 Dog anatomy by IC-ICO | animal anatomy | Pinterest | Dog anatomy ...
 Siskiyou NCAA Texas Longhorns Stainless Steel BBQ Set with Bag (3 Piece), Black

----------

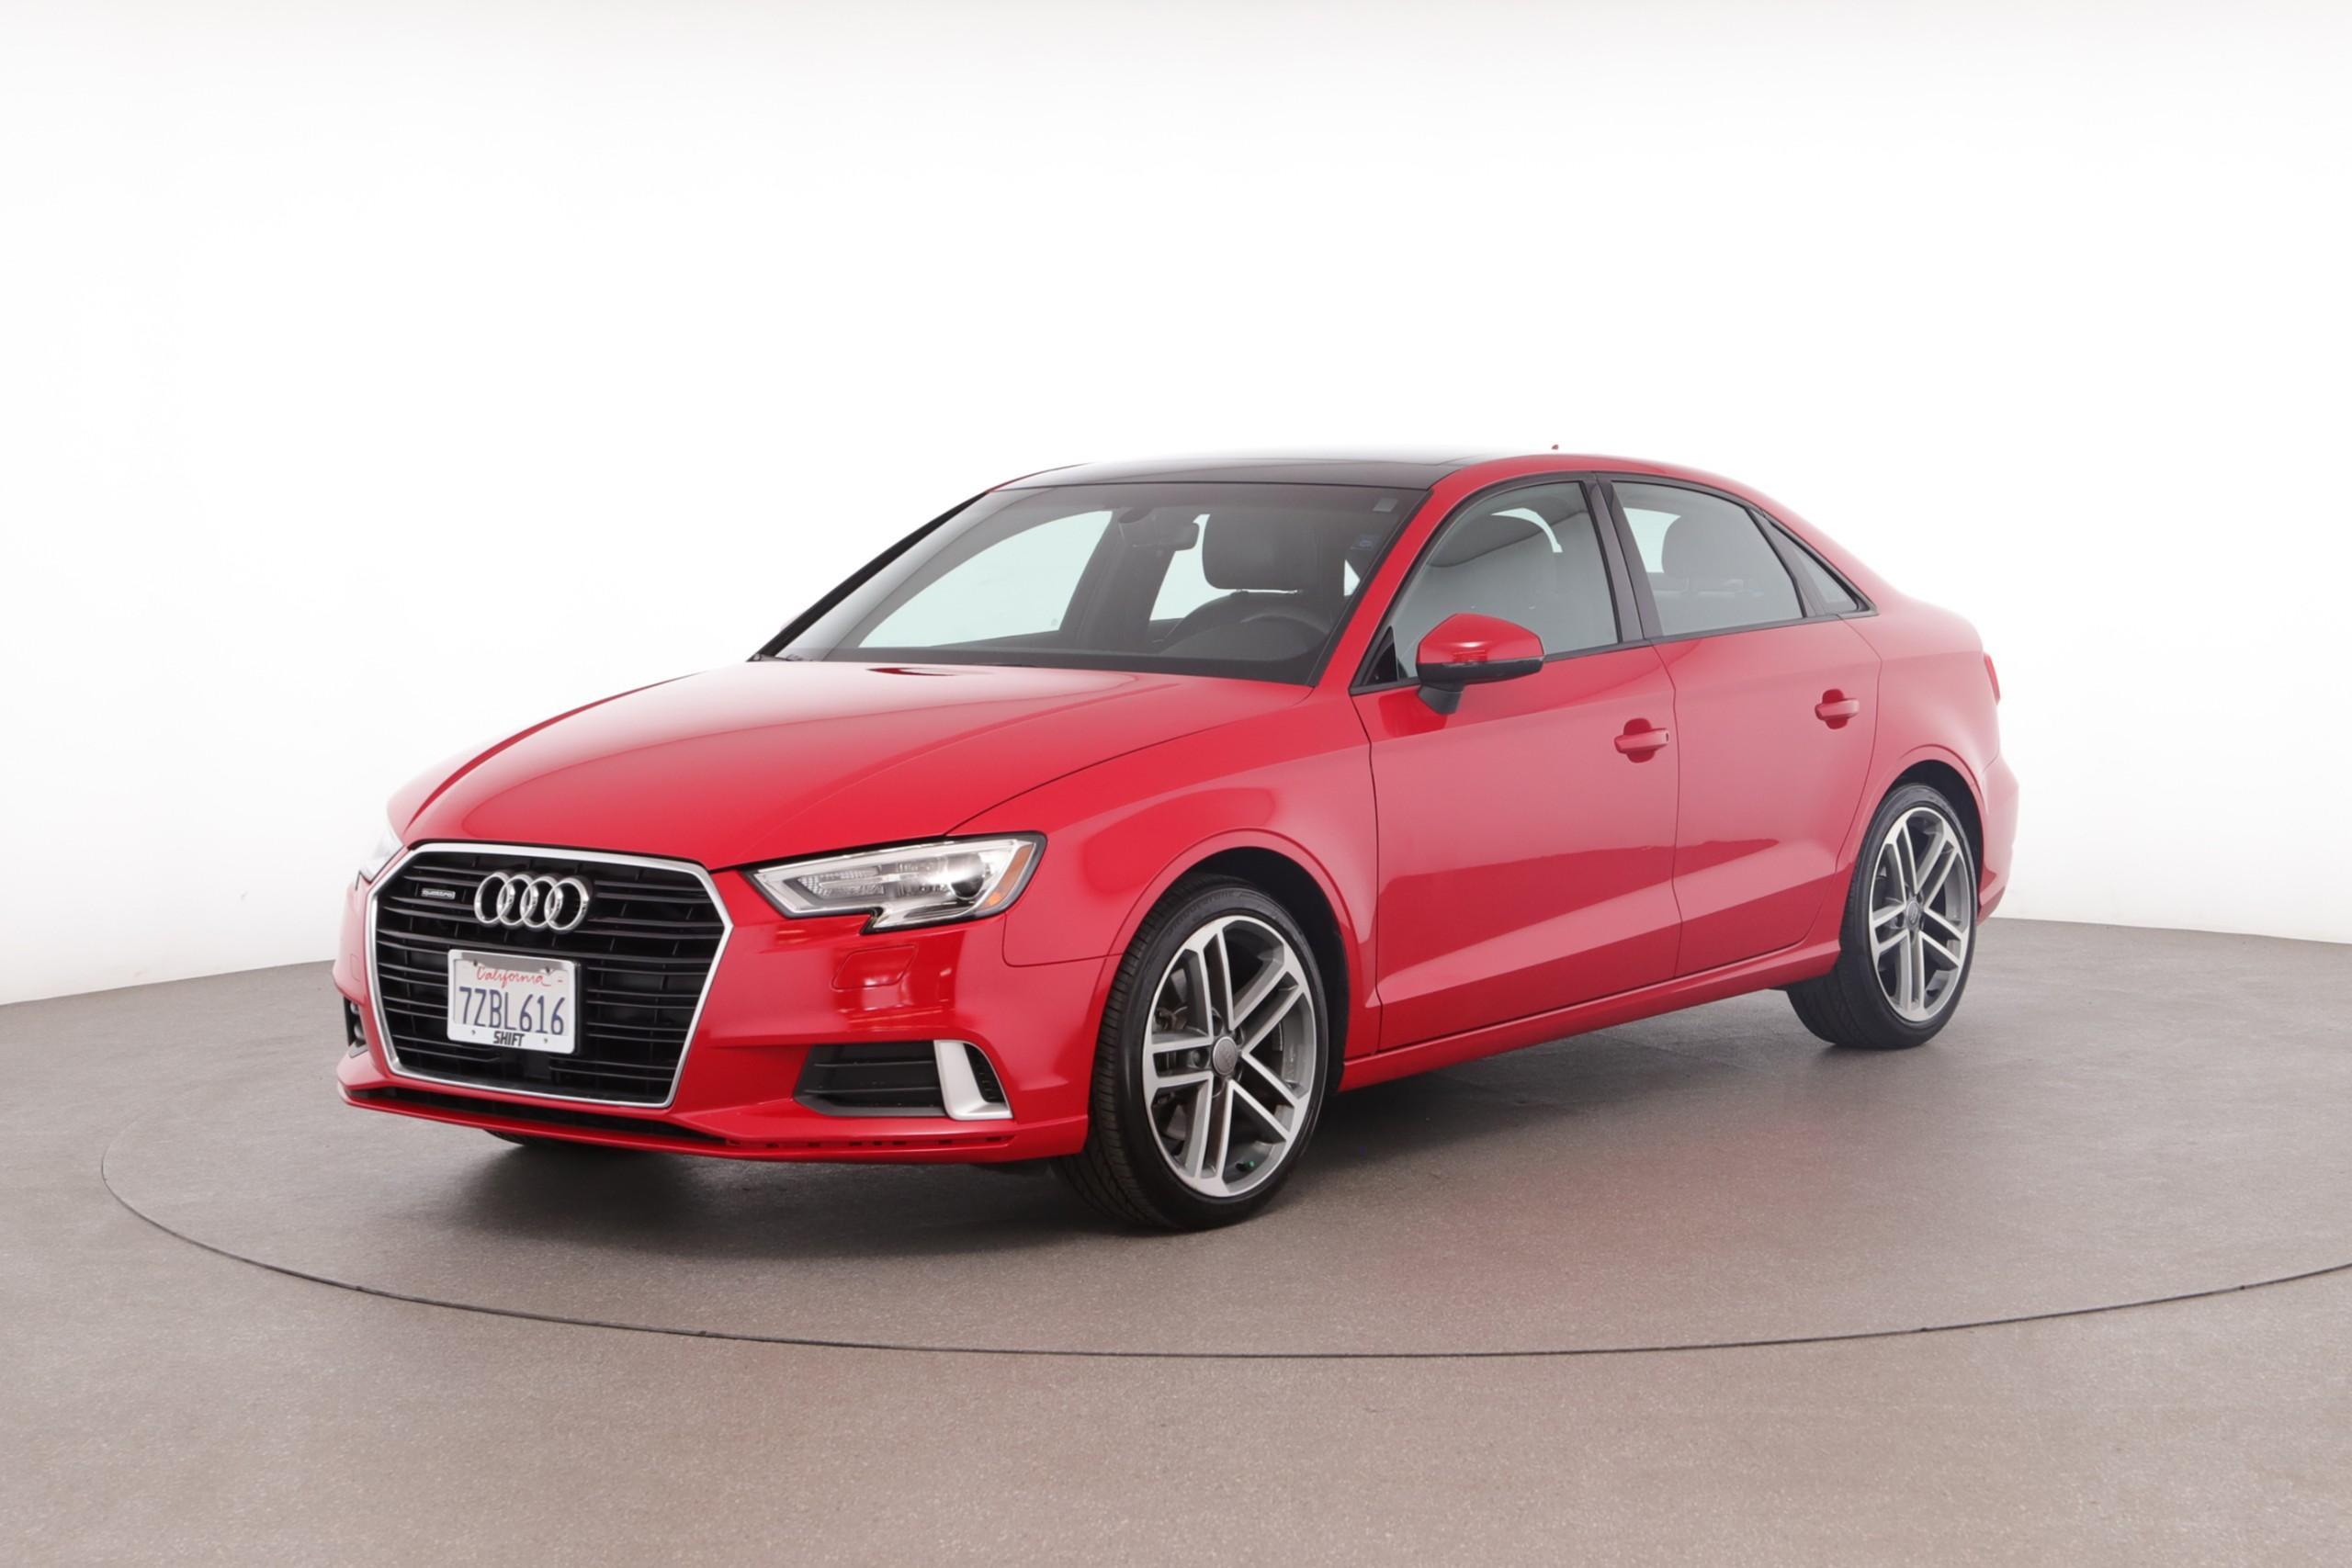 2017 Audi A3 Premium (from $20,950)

----------

### ASSIGNED TASK
In the entries above, the lines from the one bearing "Dog anatomy by" up to and including the one bearing "Siskiyou NCAA Texas" should be transcribed exactly; no other line is wanted.

### RESPONSE BOX
 Dog anatomy by IC-ICO | animal anatomy | Pinterest | Dog anatomy ...
 Siskiyou NCAA Texas Longhorns Stainless Steel BBQ Set with Bag (3 Piece), Black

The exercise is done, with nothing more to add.